Utilizing a candidate-gene approach, several recent studies have reported SNPs that are associated with overall survival of pancreatic cancer. For replication analysis, we selected a set of 24 previously reported SNPs based on three criteria: i) we had adequate (>80%) study power to detect the reported hazard ratio (HRs) under a dominant model, assuming α = 0.05; ii) a genotyping assay could be designed; and iii) genotyping met quality-control criteria (see Materials and Methods). After genotyping, we tested each SNP for association with overall survival in the MSKCC case group using a Cox proportional Hazards model adjusted for race (Table 5).
We observed one nominally significant association (p < 0.05) at SNP rs9350 (p = 0.007, per-allele HR = 1.26, 95% CI 1.07–1.50), located in the EXO1 gene, with an estimated HR that was consistent with previous reports. Patients who were heterozygous or homozygous minor allele carriers of rs9350 had an estimated median survival of 0.99 years (95% CI 0.80–1.21), versus 1.28 years (95% CI 1.12–1.49) for homozygous major allele carriers (Supplemental Figure 1a). In multivariate Cox analysis — stratified by surgical resection (yes/no) and adjusted for race, ECOG status, clinical stage and radiation treatment— rs9350 (p = 0.002, adjusted per-allele HR = 1.33, 95% CI 1.11–1.60) remained statistically significantly associated with overall survival (Supplemental Table 4).

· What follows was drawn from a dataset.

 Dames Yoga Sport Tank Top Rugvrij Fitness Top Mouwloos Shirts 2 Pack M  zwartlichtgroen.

Notably, we observed one additional SNP — rs8191754 (p = 0.02, per-allele HR 0.77, 95% CI 0.62–0.95), located in the IGF2R gene — to be associated with overall survival at p < 0.05 in our study. However, the estimated HR for this SNP was in the opposite direction of previous reports (9).
We next tested whether each of the 24 SNPs chosen for overall survival analysis was also associated with pancreatic cancer risk in the MSKCC case-control group. The SNPs were analyzed using a log-additive logistic regression model adjusted for race, age, and gender (Supplemental Table 3). However, no statistically significant (p < 0.05) associations were observed.

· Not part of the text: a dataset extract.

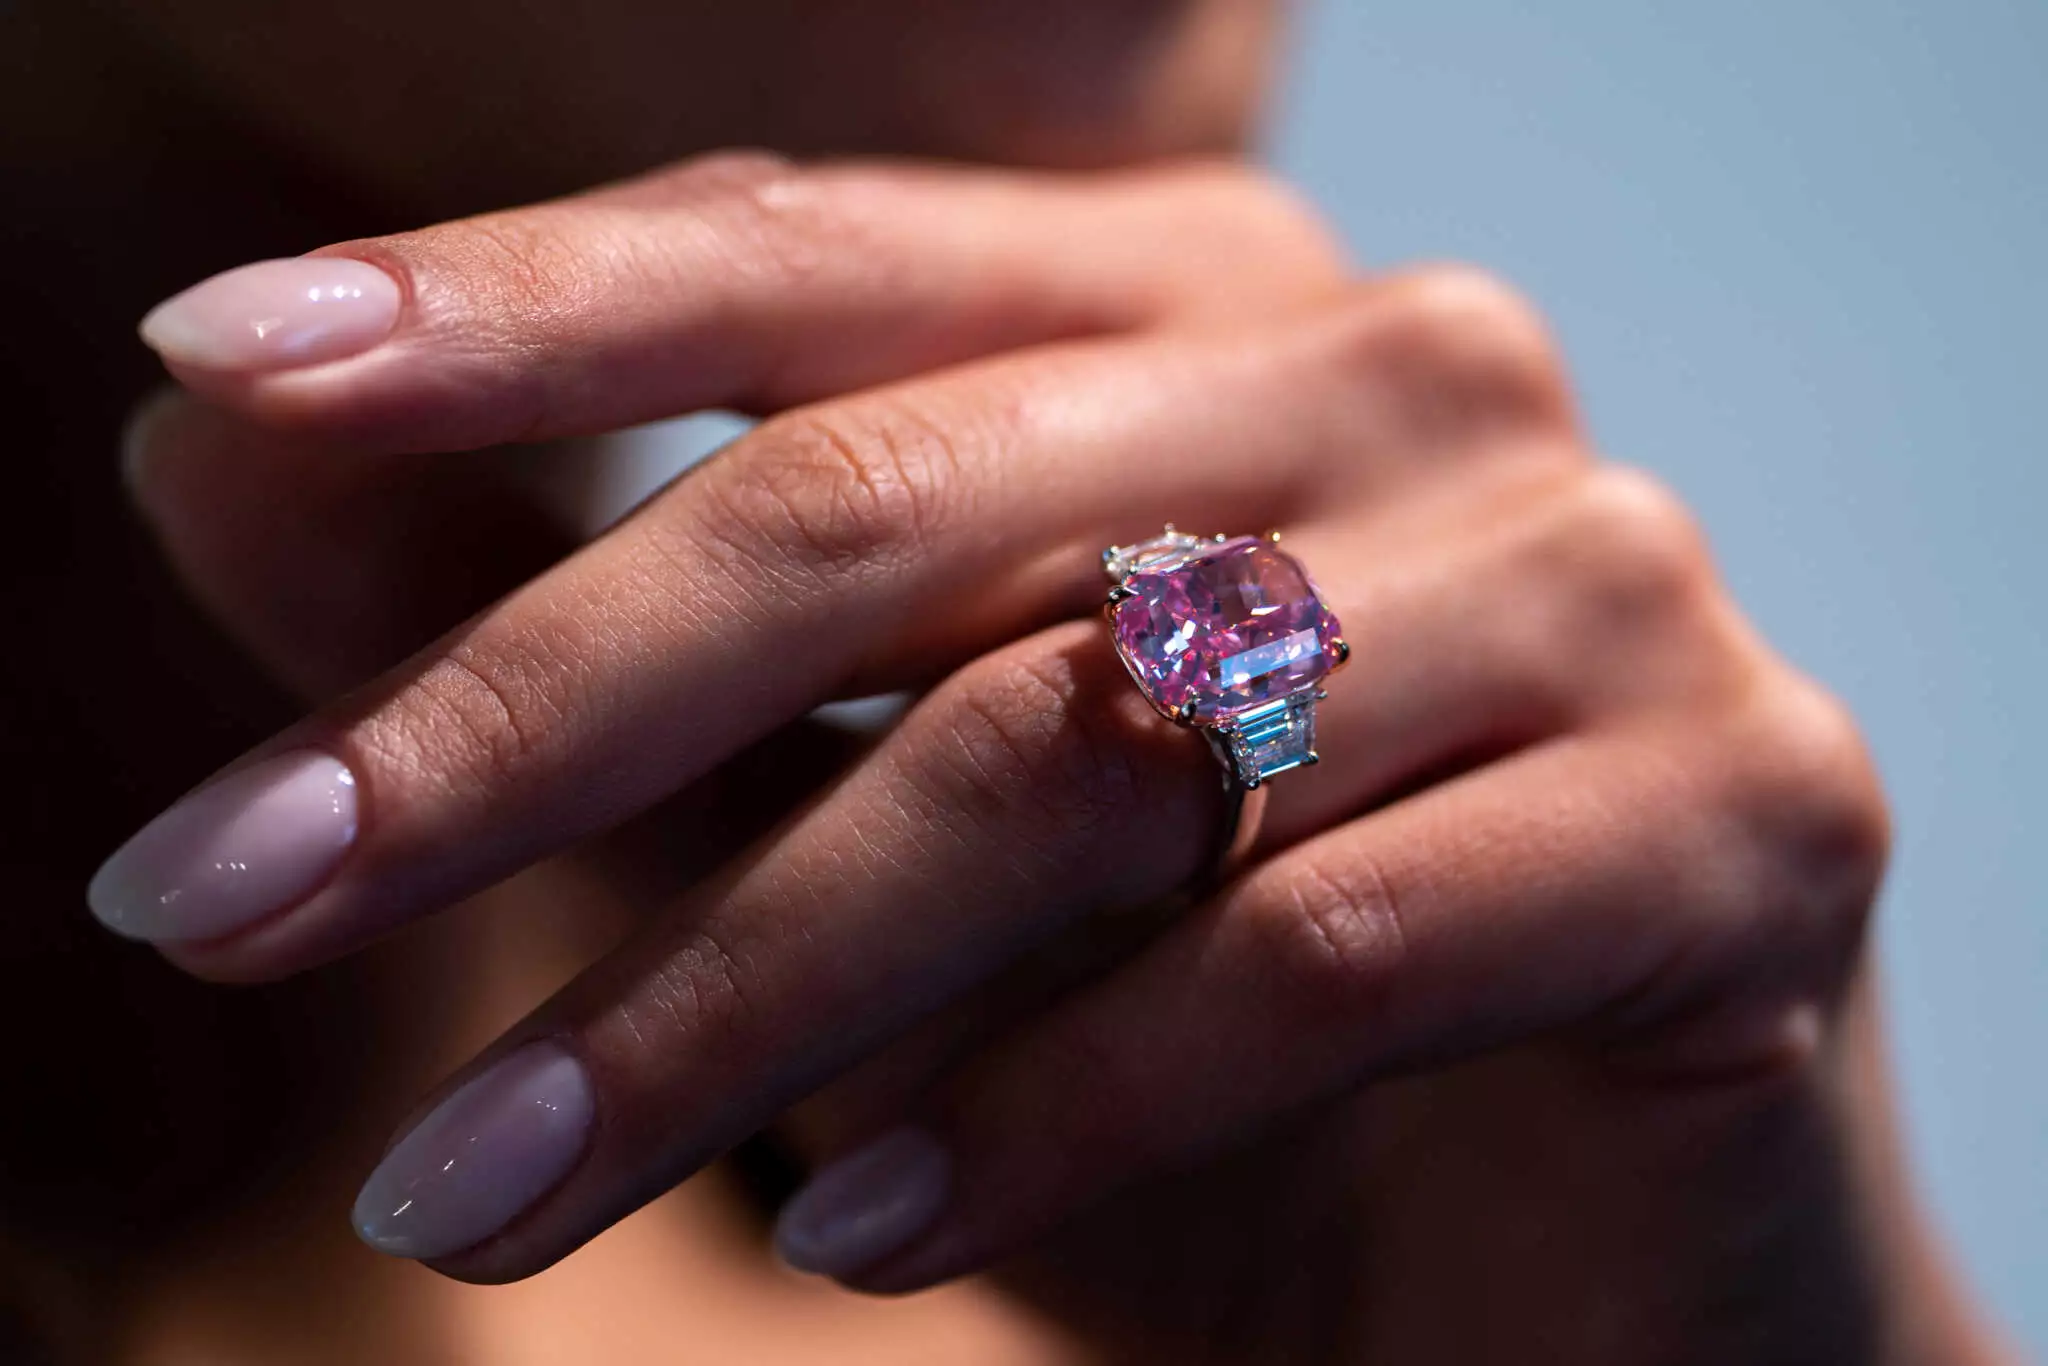 Σε δημοπρασία σπάνιο ροζ διαμάντι στη Νέα Υόρκη – Περίπου 35 εκατ. δολάρια η αξία του

To identify novel SNPs associated with overall survival, we performed a three-stage GWAS. The first stage of analysis was performed within a set of 252 MSKCC cases for which we had follow-up information and whole-genome SNP array data. We tested each of 301,250 SNPs (with MAF ≥ 1% in cases) for association with overall survival under a univariate Cox proportional hazards model. None of SNPs tested in this analysis reached genome-wide significance (p < 5×10−8) (Supplemental Figures 2 and 3). However, 22 candidate SNPs with p < 1×10−4 were carried forward to a second (validation) stage. Genotyping was performed in the validation case set (n = 261 MSKCC cases) and each SNP was tested for association with overall survival using a Cox proportional hazards model adjusted for race (Table 6).

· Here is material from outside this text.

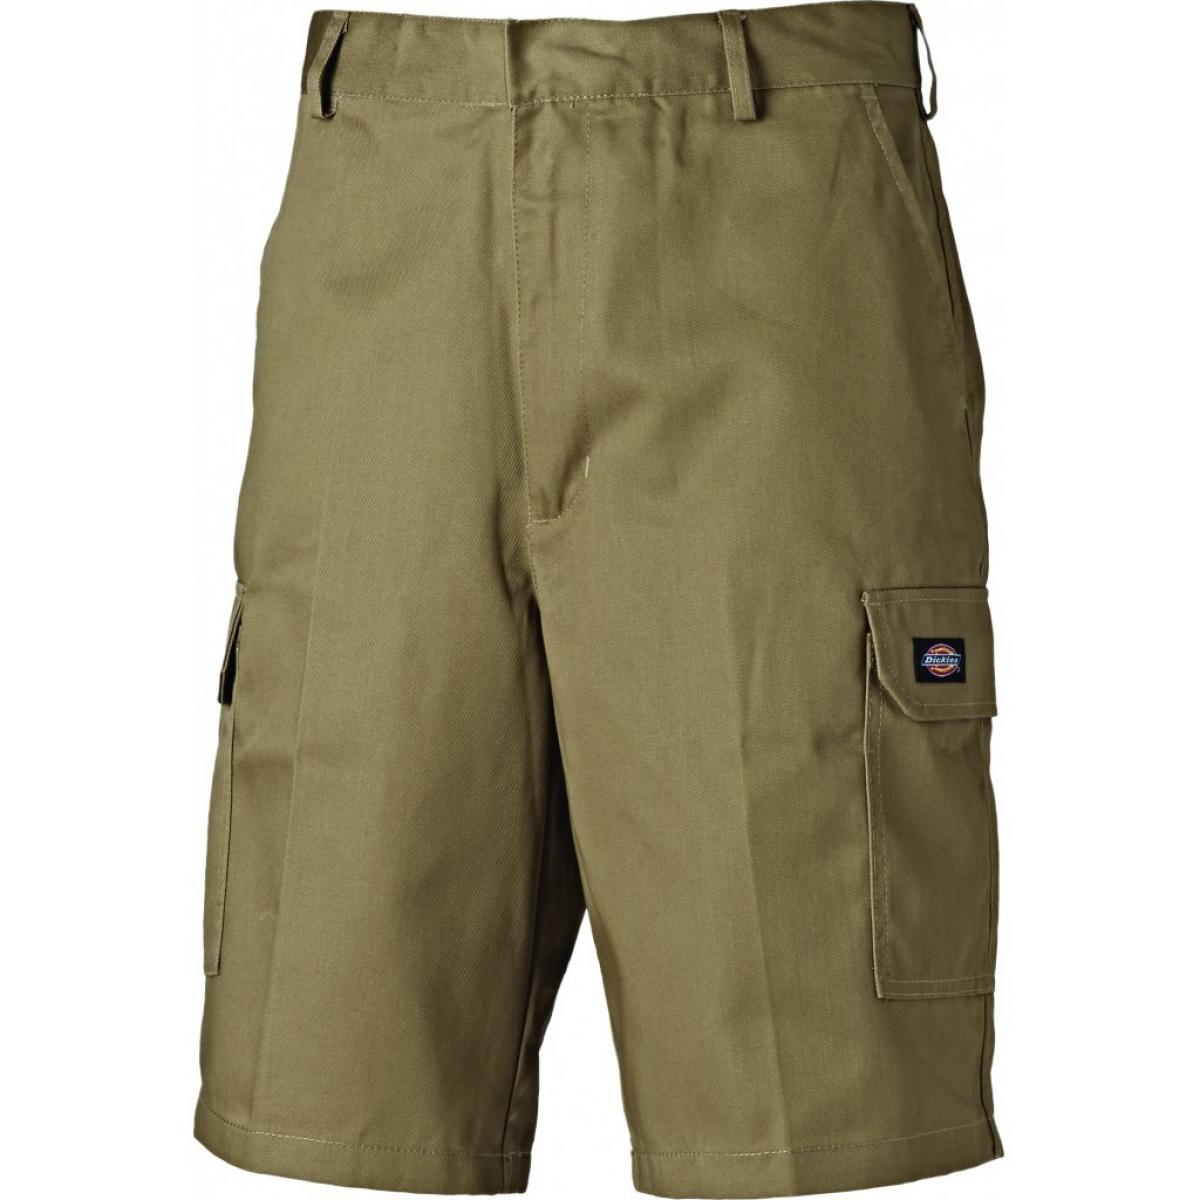 Hersteller: Dickies Herstellernummer: WD834 Artikelbezeichnung: Redhawk Cargo-Shorts - Arbeishose Kurz Farbe: Khaki

Simultaneously, under the hypothesis that different genetic variants play a role in the survival of pancreatic cancer cases that undergo surgical tumor resection compared to cases that do not, we performed similar analyses (up to stage 1 and 2) in those respective case sub-groups (data not shown). However, as no SNPs tested in stage 2 were significant in those analyses, we focused the remainder of our study on candidate SNPs identified in full-group analysis.
Notably, of the 22 candidate SNPs tested in stage 2, we successfully validated the association of SNP rs1482426 (p = 0.001, per-allele HR = 1.73, 95% CI 1.25–2.40), which is located in a non-genic region of chromosome 12q21 (Supplemental Figure 4). In a combined analysis using both the GWAS (discovery) and validation case sets, rs1482426 was found to improve in overall rank and P-value (p = 1.7×10−6, per-allele HR = 1.74, 95% CI 1.38–2.18). Patients who were heterozygous or homozygous minor allele carriers of rs1482426 had an estimated median survival of 0.78 years (95% CI 0.53–0.95), versus 1.28 years (95% CI 1.19–1.49) for homozygous major allele carriers (Supplemental Figure 1b). Furthermore, multivariate Cox analysis of the combined case sets — stratified by surgical resection (yes/no) and adjusted for race, ECOG status, clinical stage, and radiation treatment – showed that rs1482426 was independently associated with overall survival (p = 9.0×10−6, per-allele HR = 1.70, 95% CI 1.34–2.14) (Supplemental Table 4).
To gain further statistical evidence of its association with overall survival, we selected SNP rs1482426 for a third (replication) stage of analysis involving an independent case group (n = 572) based at the Mayo Clinic. In univariate Cox regression analysis of rs1482426, we observed suggestive evidence of association (p = 0.0755, per-allele HR = 1.19) in the Mayo case group that, although weaker, was consistent with the direction of effect estimated in stages 1 and 2 of the GWAS.
In this study, we have replicated previously reported pancreatic cancer risk and survival SNPs, and we have identified a novel putative pancreatic cancer survival SNP. We first focused on a replication analysis of SNPs reported by recent pancreatic cancer risk GWAS. Both the ABO locus (marked by SNP rs505922) and the 13q22 locus (marked by SNP rs9543325) were found to be associated with risk in our case-control group. Notably, our estimate of the per-allele odds ratio for SNP rs505922 (per-allele OR = 1.65, 95% CI 1.20–2.26) is larger than those reported by PanScan or the Japan-based GWAS. Indeed, it is also larger than most odds ratios estimated for other common cancer risk SNPs. However, since the 95% confidence interval of our estimate overlaps with previous reports, we cannot draw specific conclusions about this observation.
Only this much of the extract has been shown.